EXERCISE AIM ▸
Transcribe, exactly and without pictures, the lines below from the line with "May 11, 2014." to the line with "be a star soft", both ends included, and no others.

═══ INFORMATION SHOWN

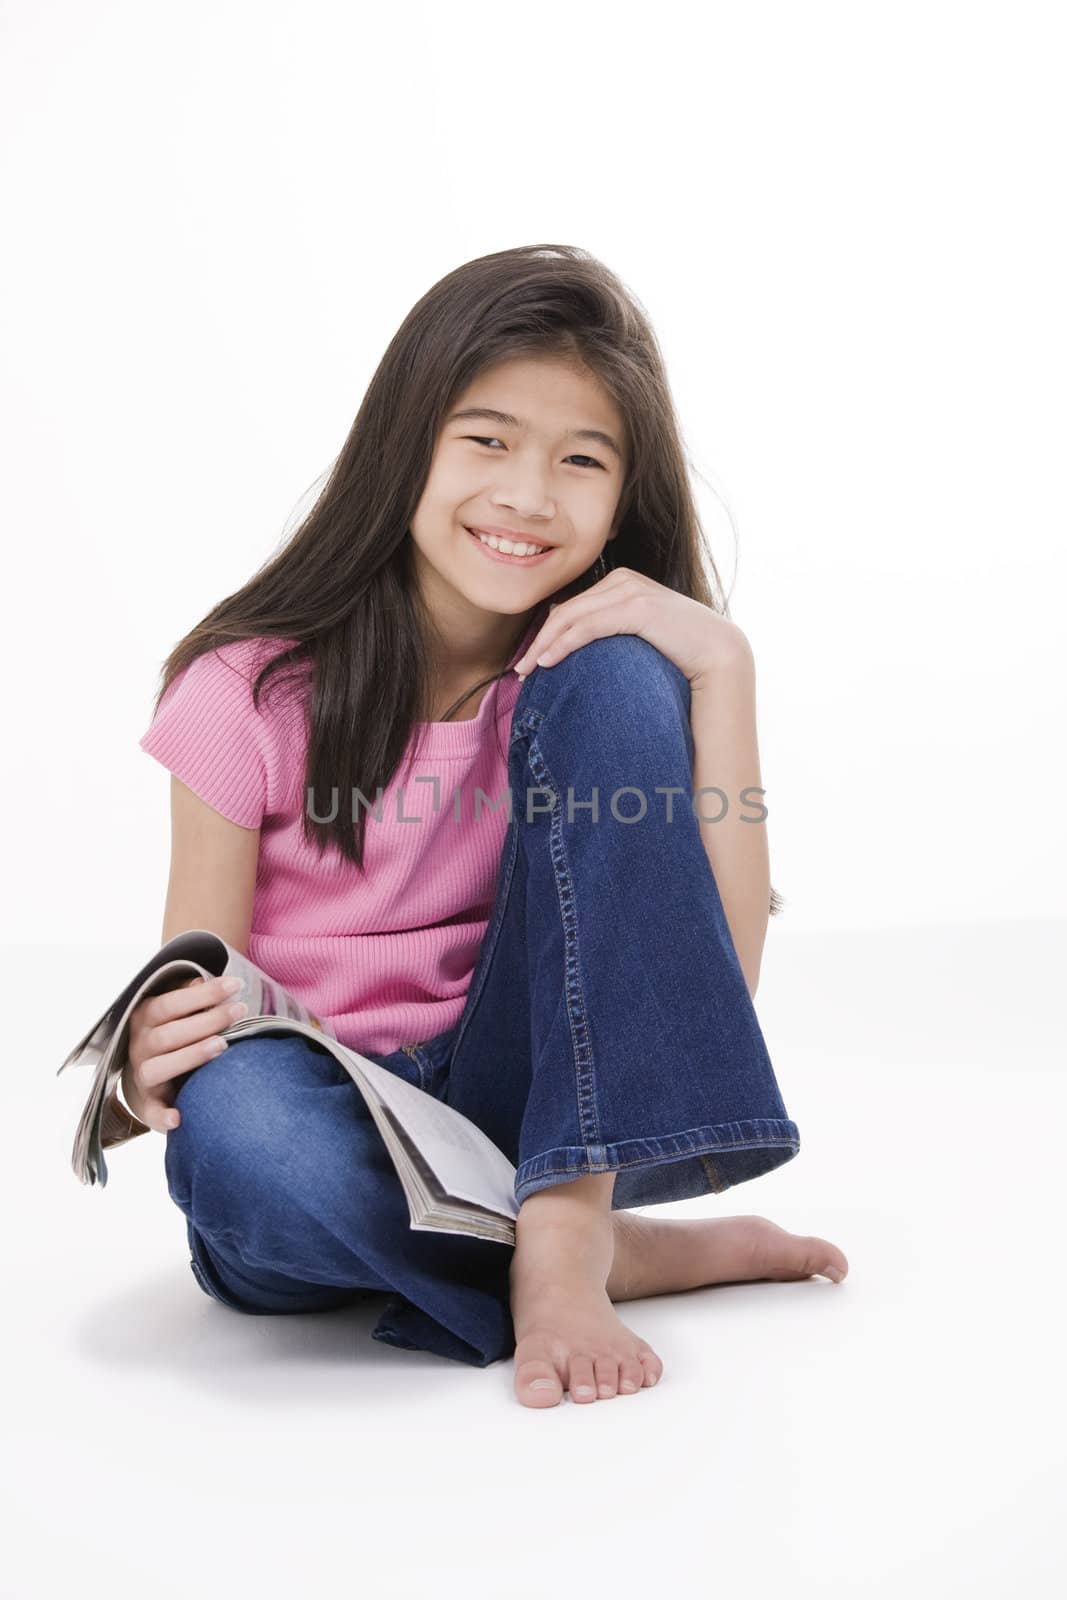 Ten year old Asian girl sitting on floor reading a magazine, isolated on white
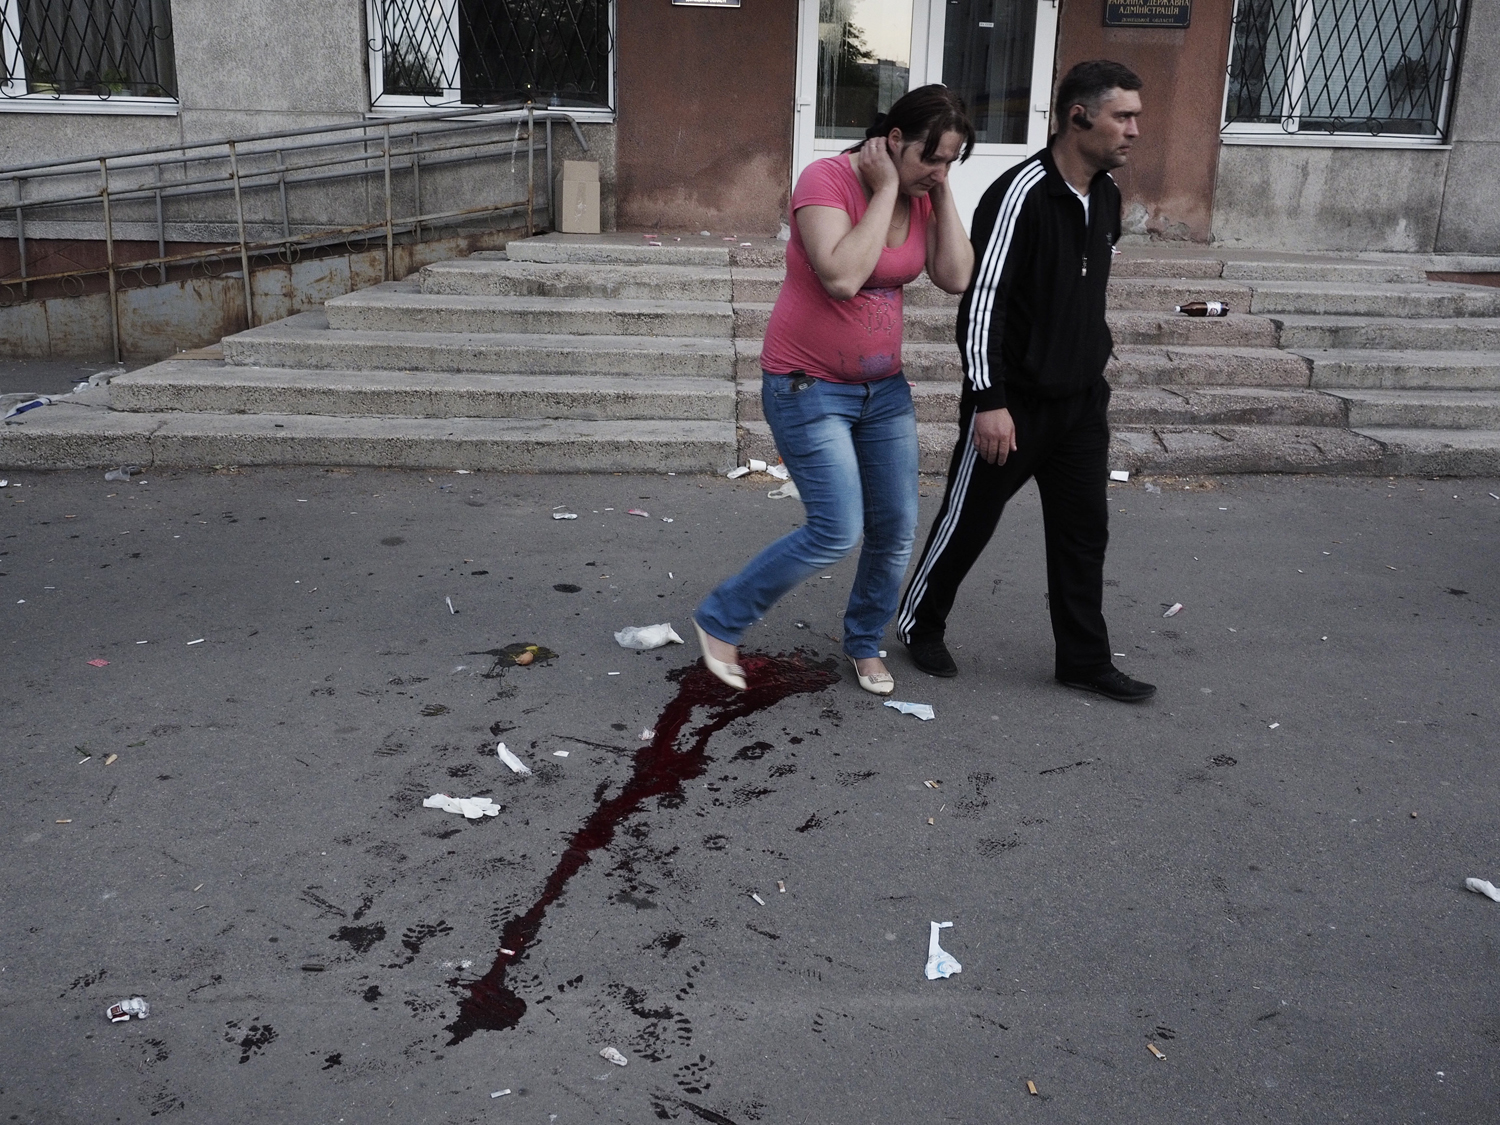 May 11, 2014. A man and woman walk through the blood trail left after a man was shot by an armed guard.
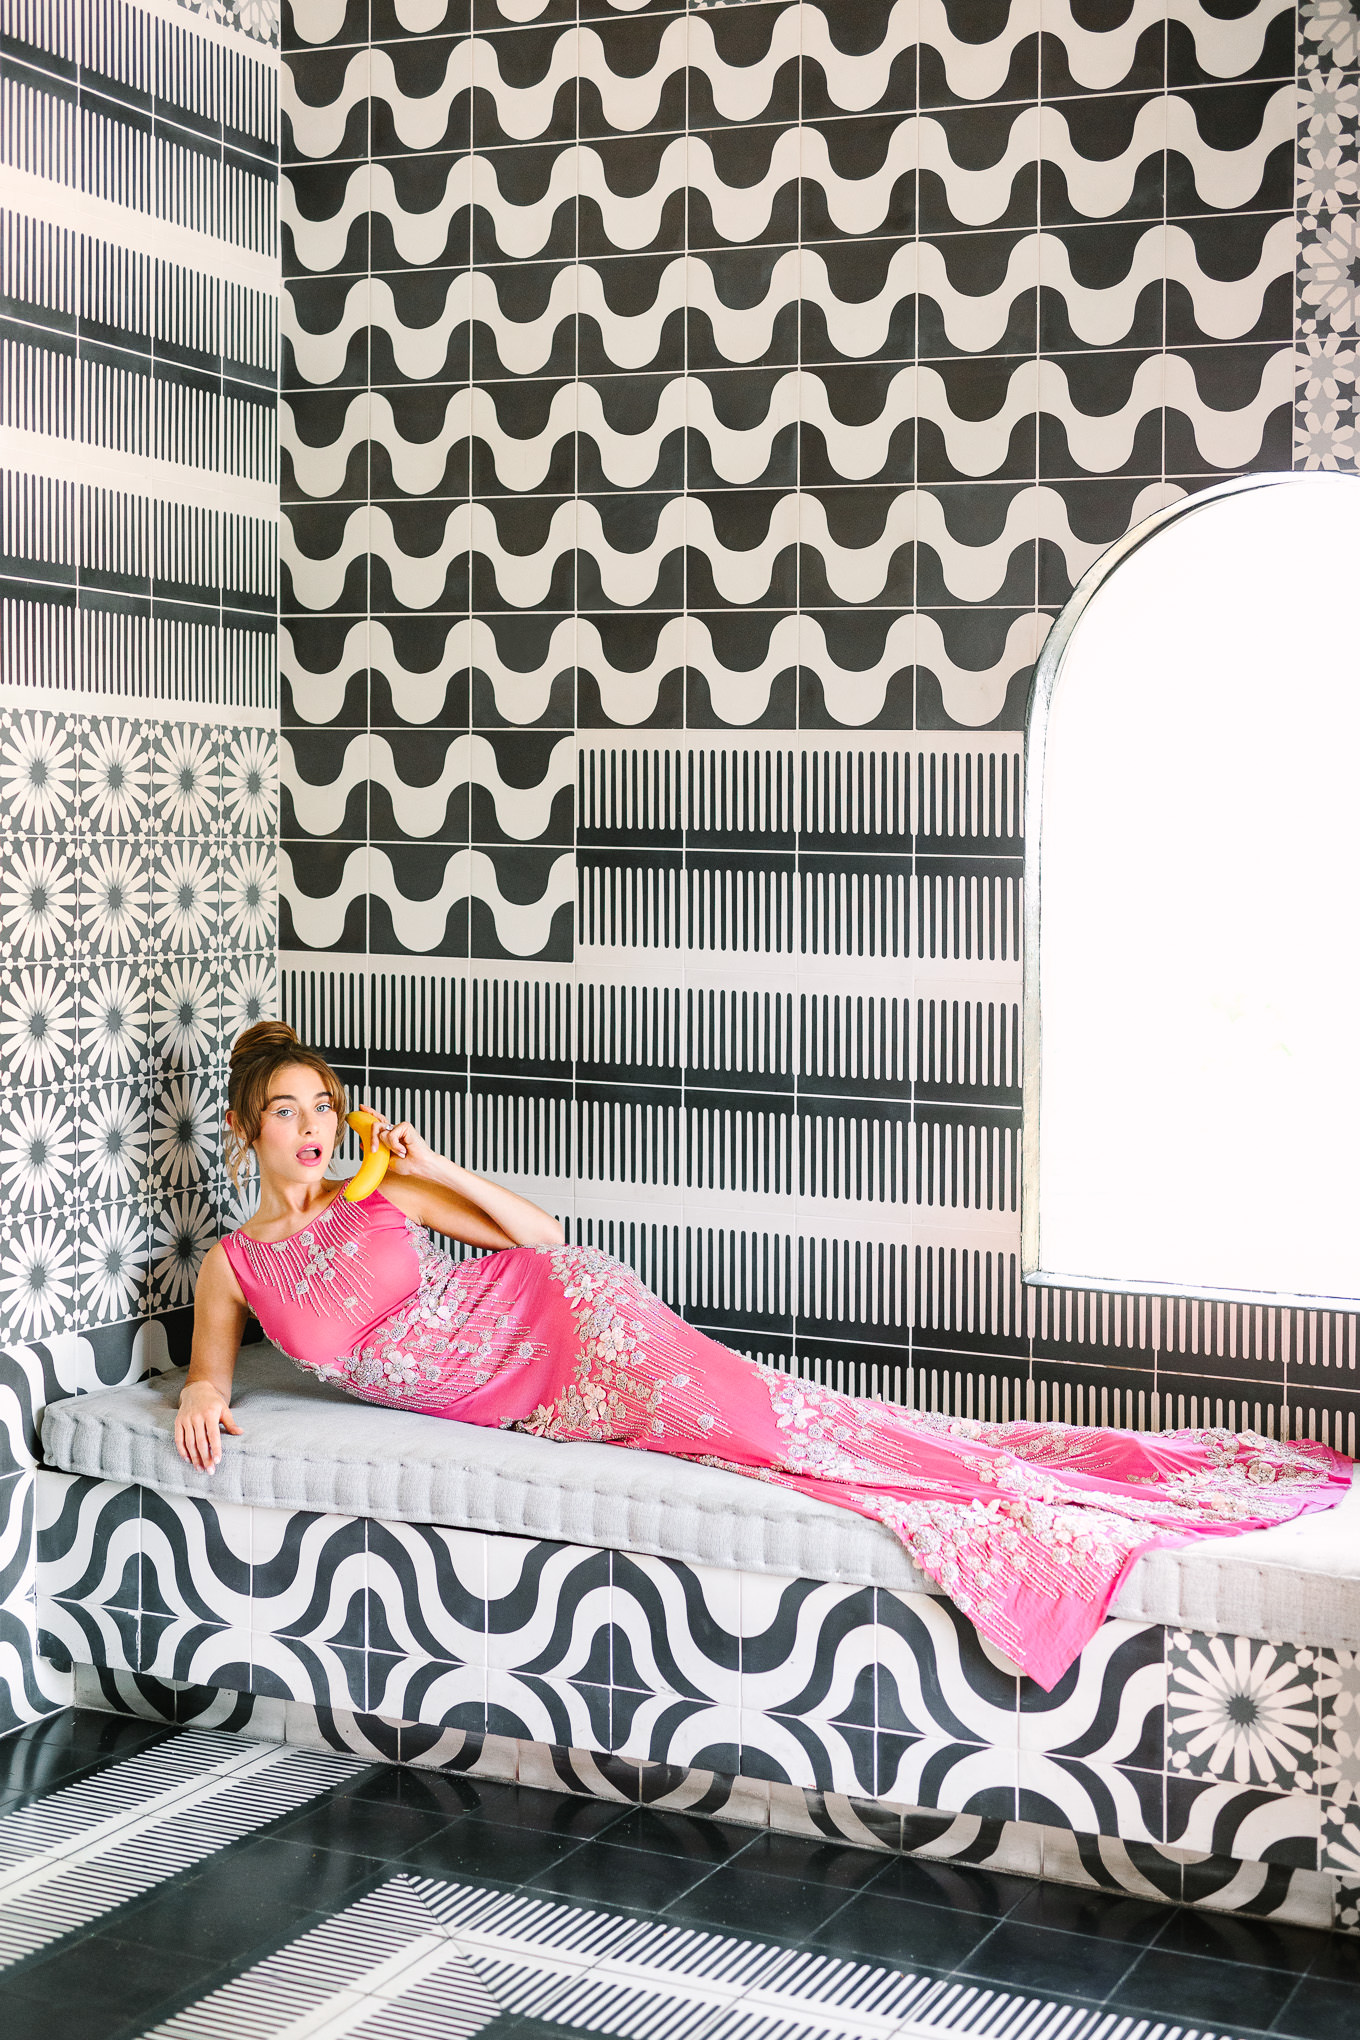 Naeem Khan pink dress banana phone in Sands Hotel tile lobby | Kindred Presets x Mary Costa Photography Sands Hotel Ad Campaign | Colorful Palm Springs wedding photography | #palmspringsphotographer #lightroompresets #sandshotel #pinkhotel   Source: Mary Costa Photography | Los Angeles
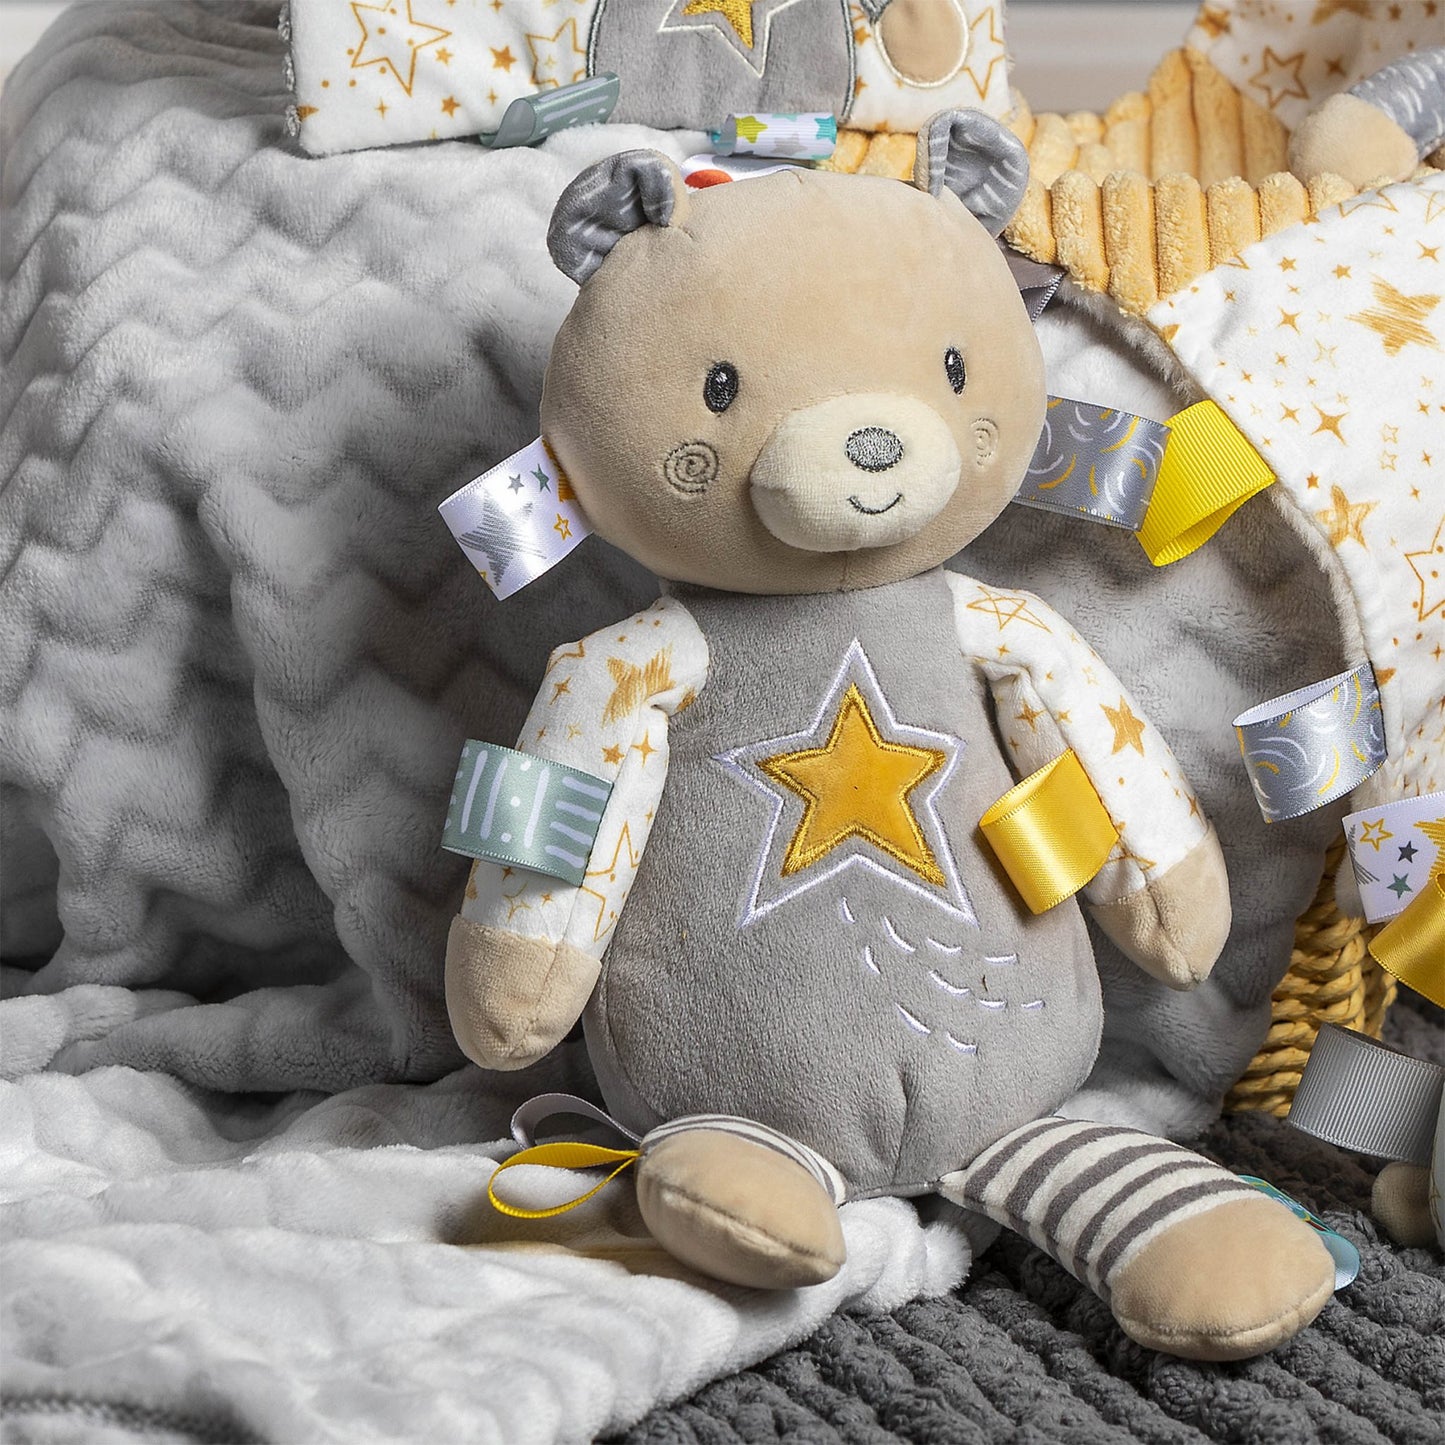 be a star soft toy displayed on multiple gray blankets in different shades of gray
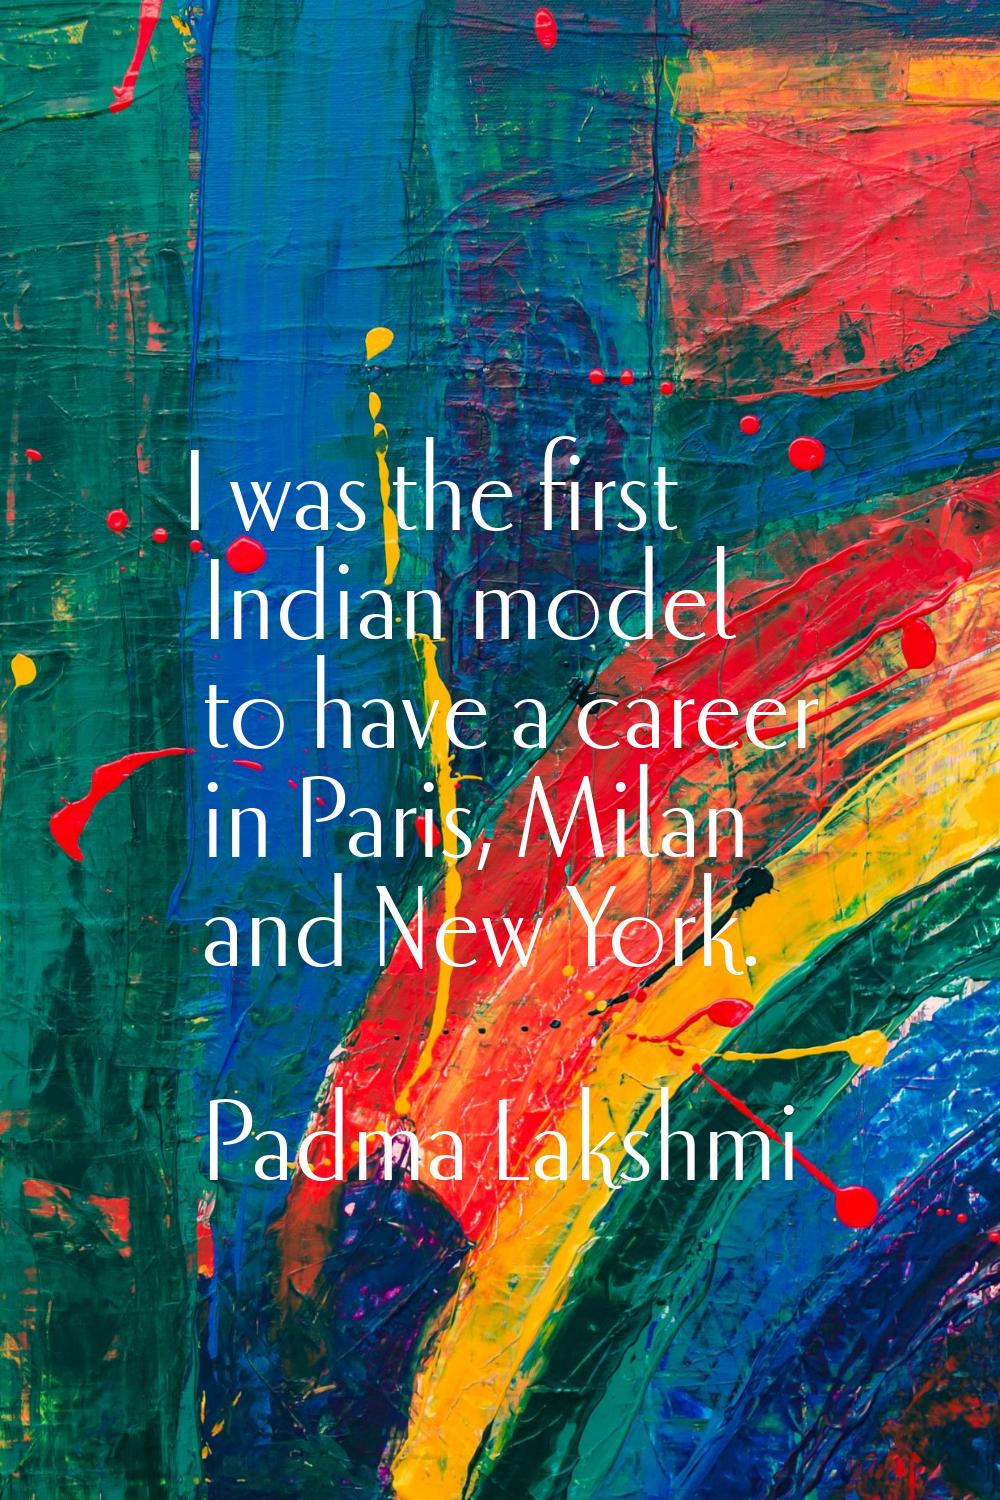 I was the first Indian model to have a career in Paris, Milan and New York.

══════

SOLUTION FOR THIS EXERCISE ▸
 May 11, 2014. A man and woman walk through the blood trail left after a man was shot by an armed guard.
 Naeem Khan pink dress banana phone in Sands Hotel tile lobby | Kindred Presets x Mary Costa Photography Sands Hotel Ad Campaign | Colorful Palm Springs wedding photography | #palmspringsphotographer #lightroompresets #sandshotel #pinkhotel   Source: Mary Costa Photography | Los Angeles
 be a star soft toy displayed on multiple gray blankets in different shades of gray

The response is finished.